What needs to be done> Print the entire listing below word for word, excluding its pictures.

Dataset section>
[Start of section]

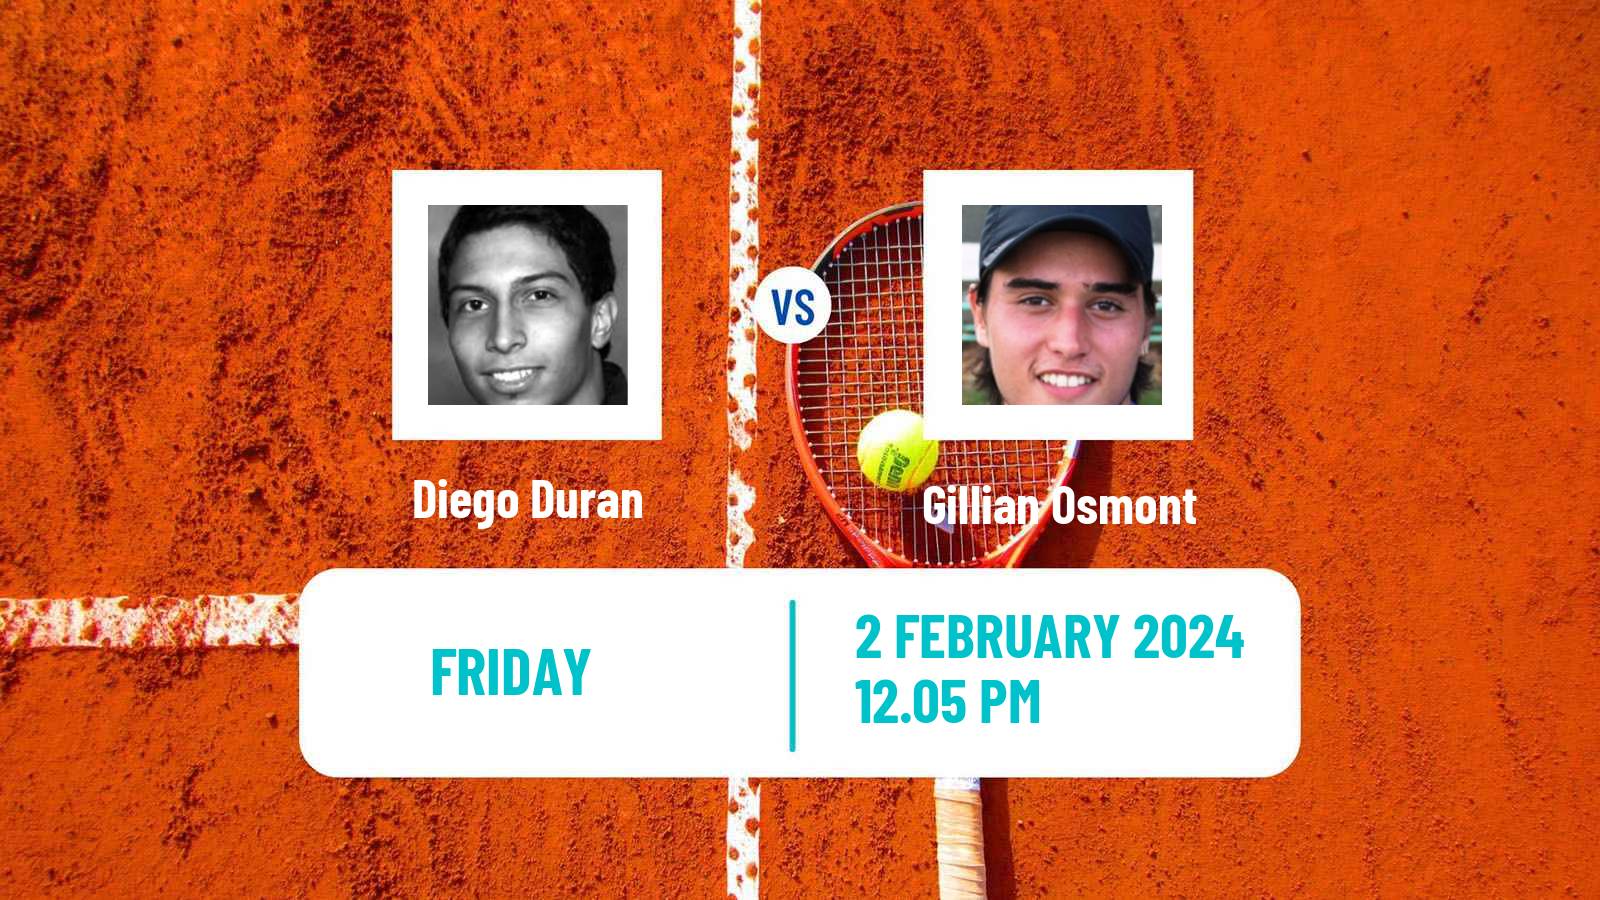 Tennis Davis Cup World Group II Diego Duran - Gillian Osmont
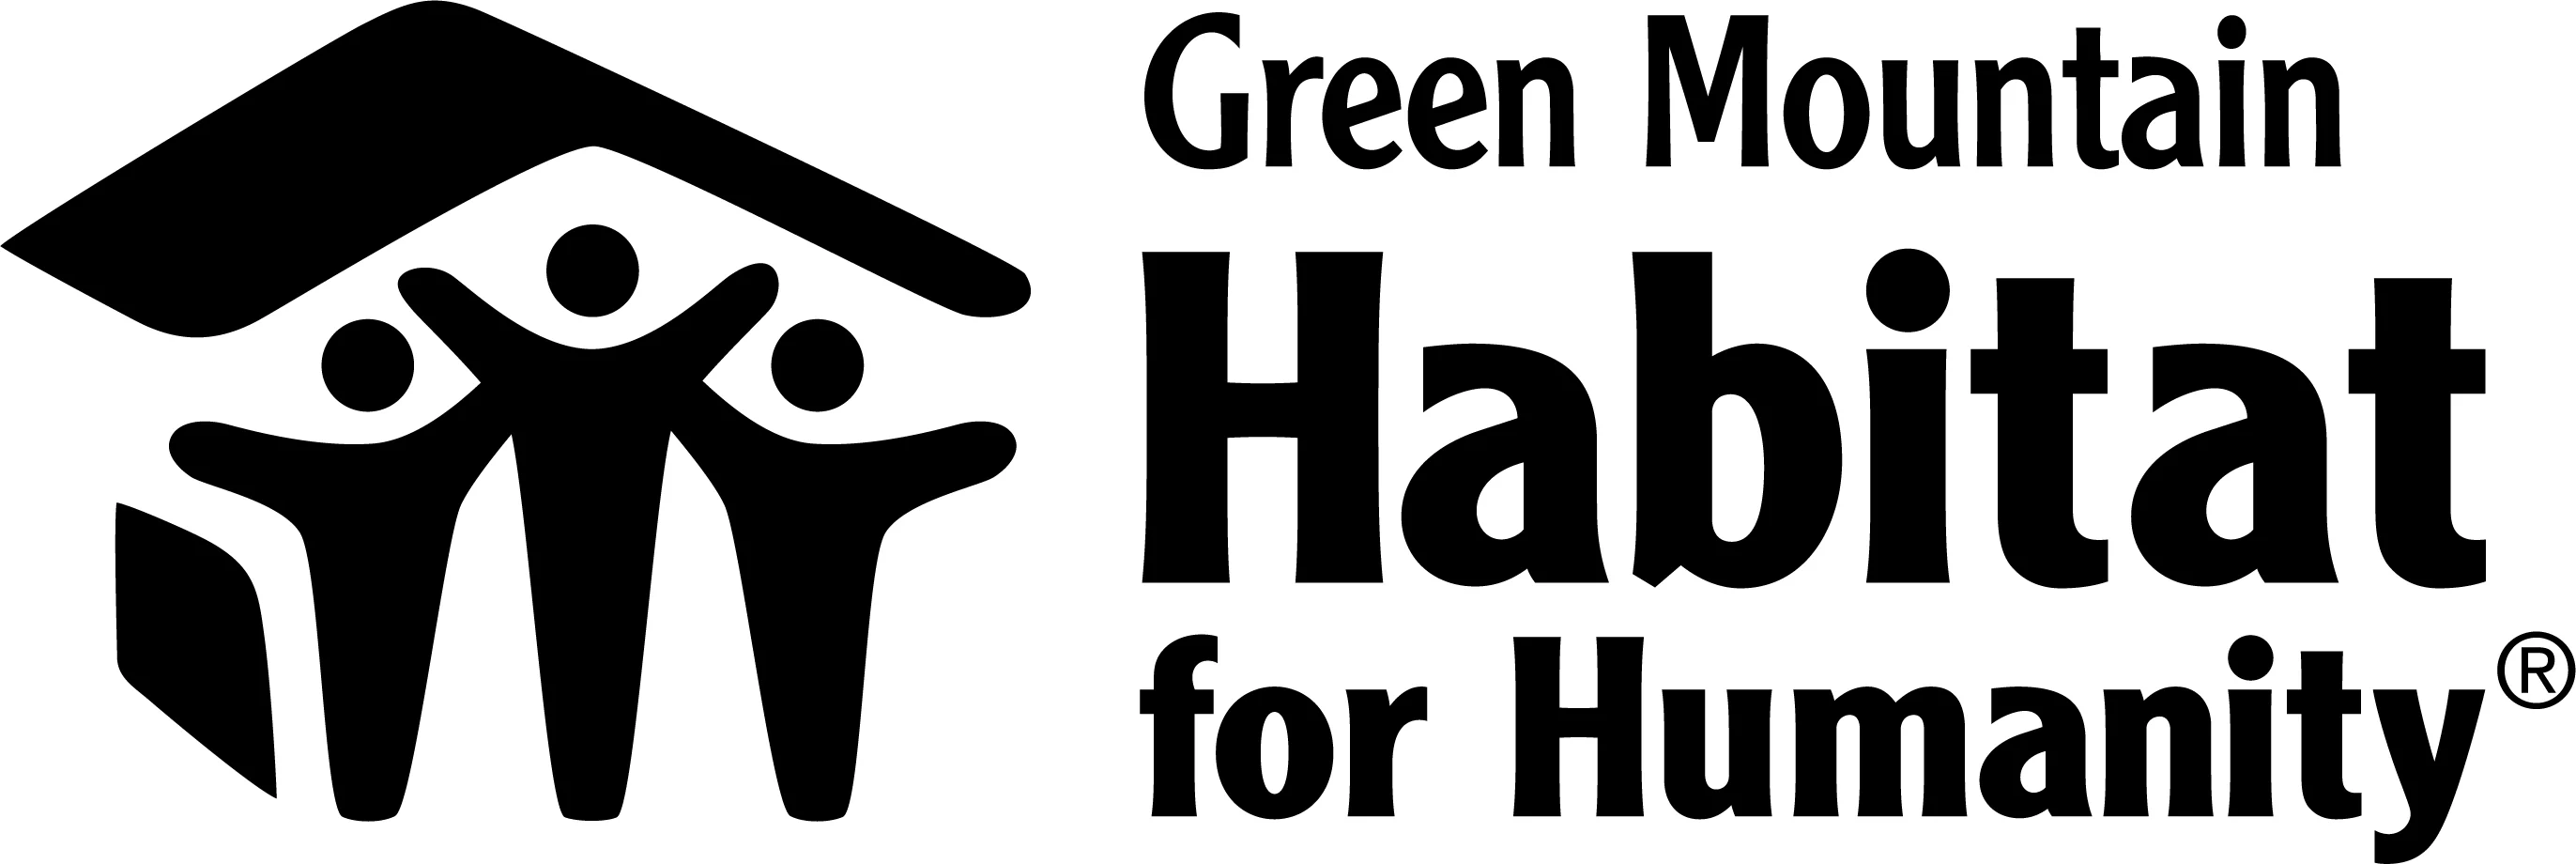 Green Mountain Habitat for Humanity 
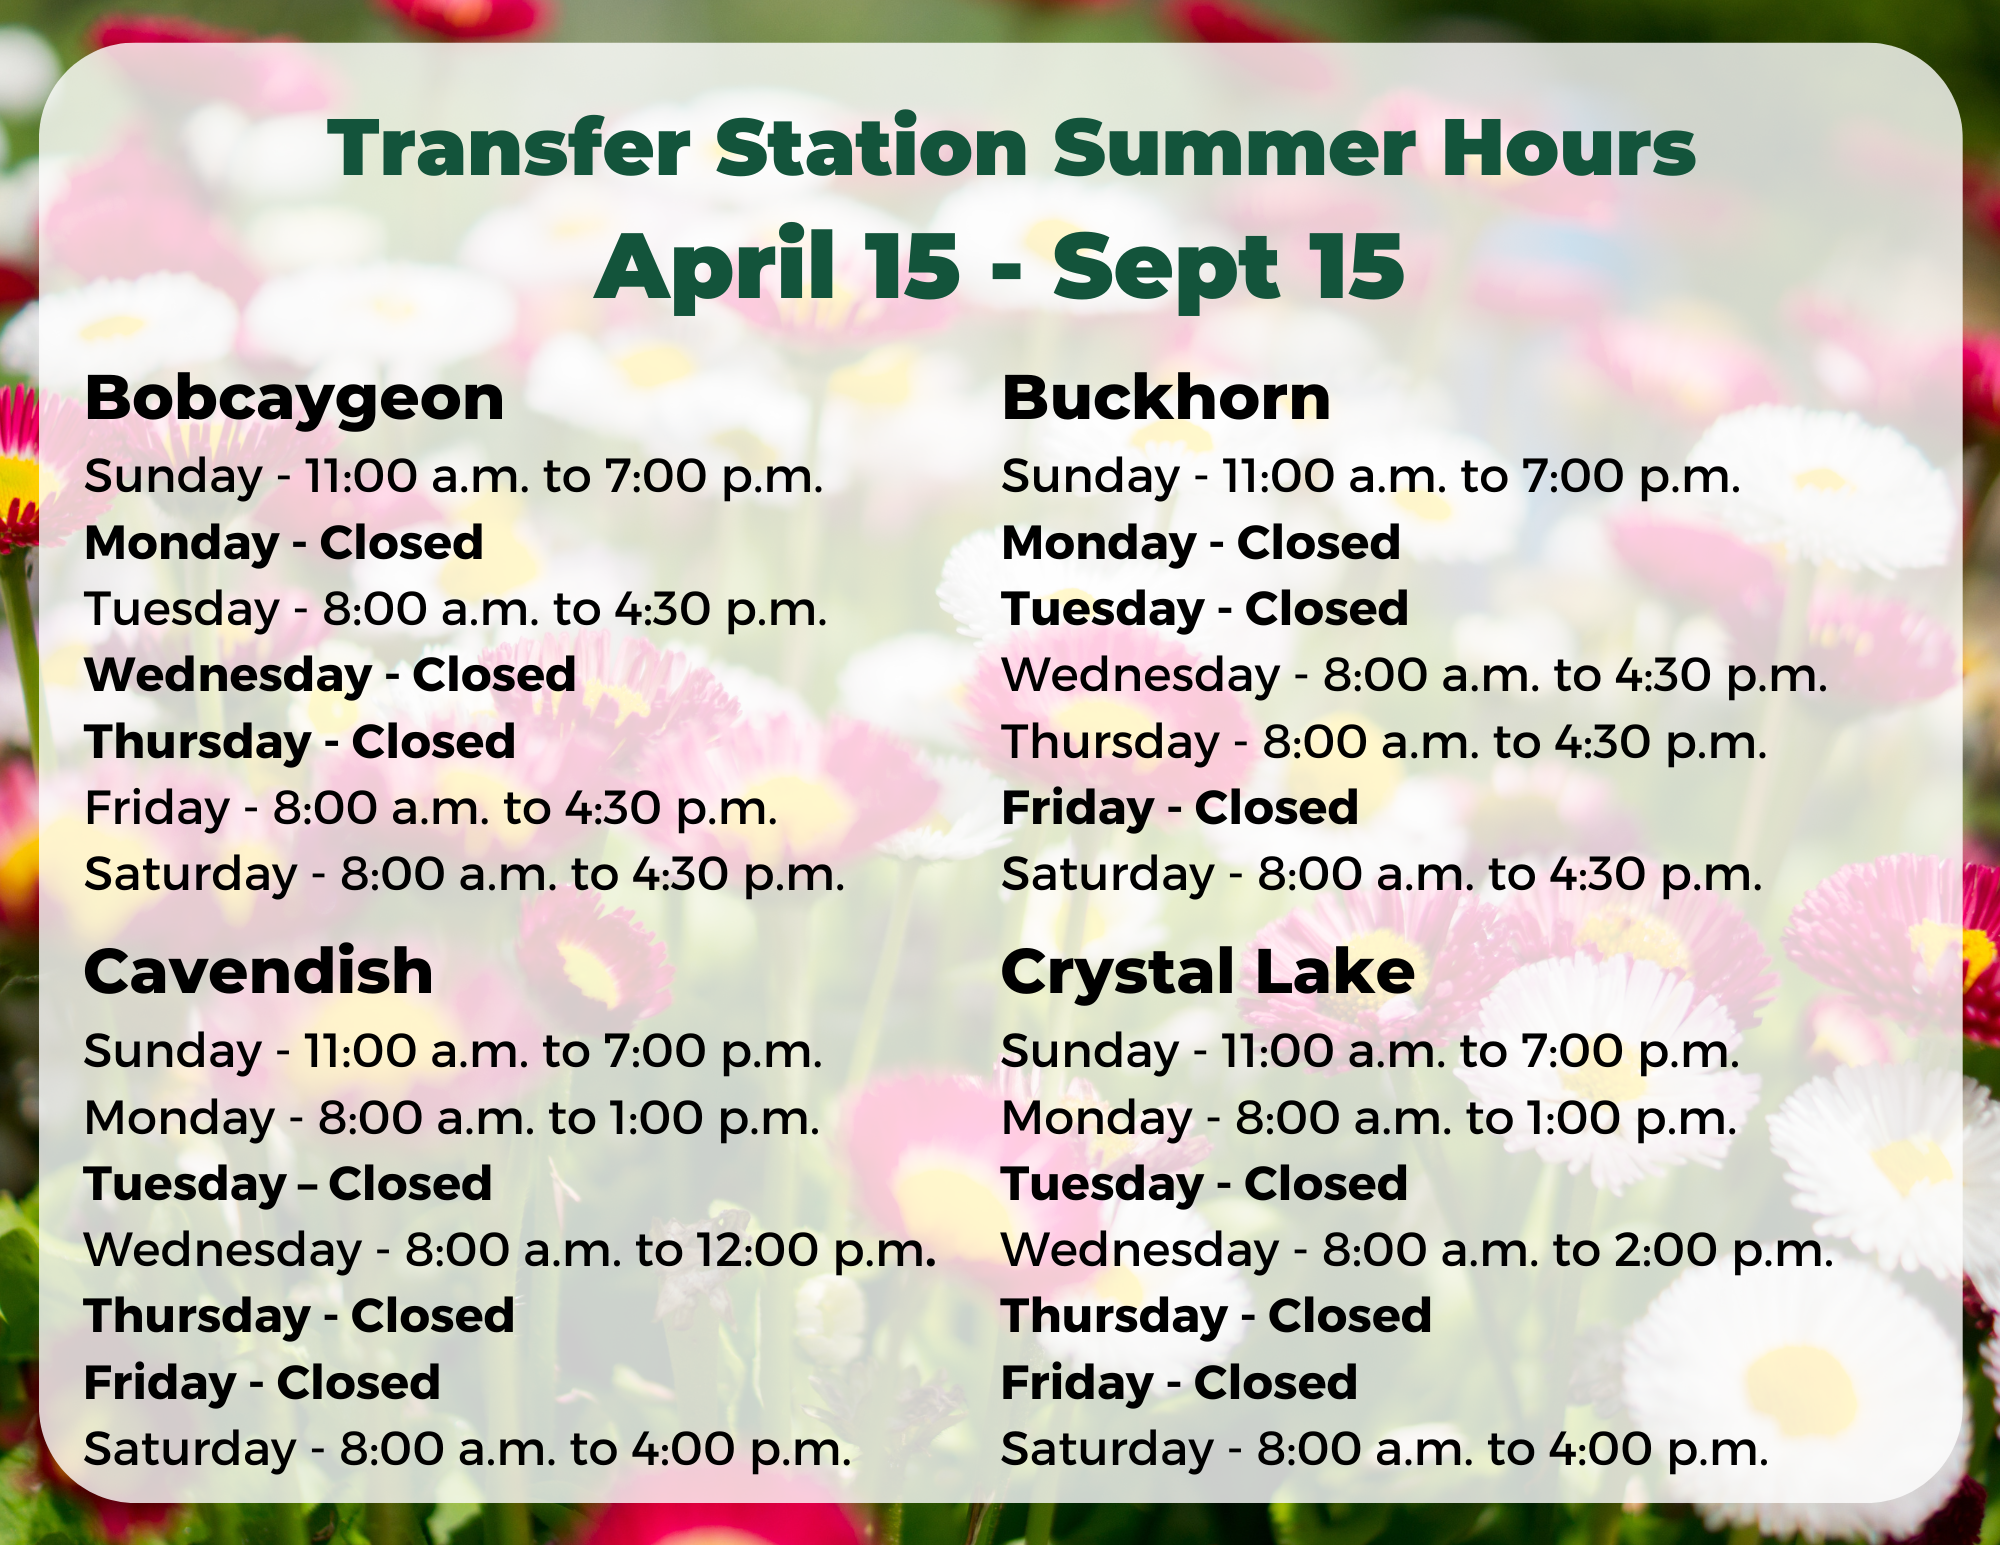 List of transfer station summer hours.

[End of section]

Response area>
 Tennis Davis Cup World Group II Diego Duran - Gillian Osmont
 Green Mountain Habitat for Humanity 
 List of transfer station summer hours.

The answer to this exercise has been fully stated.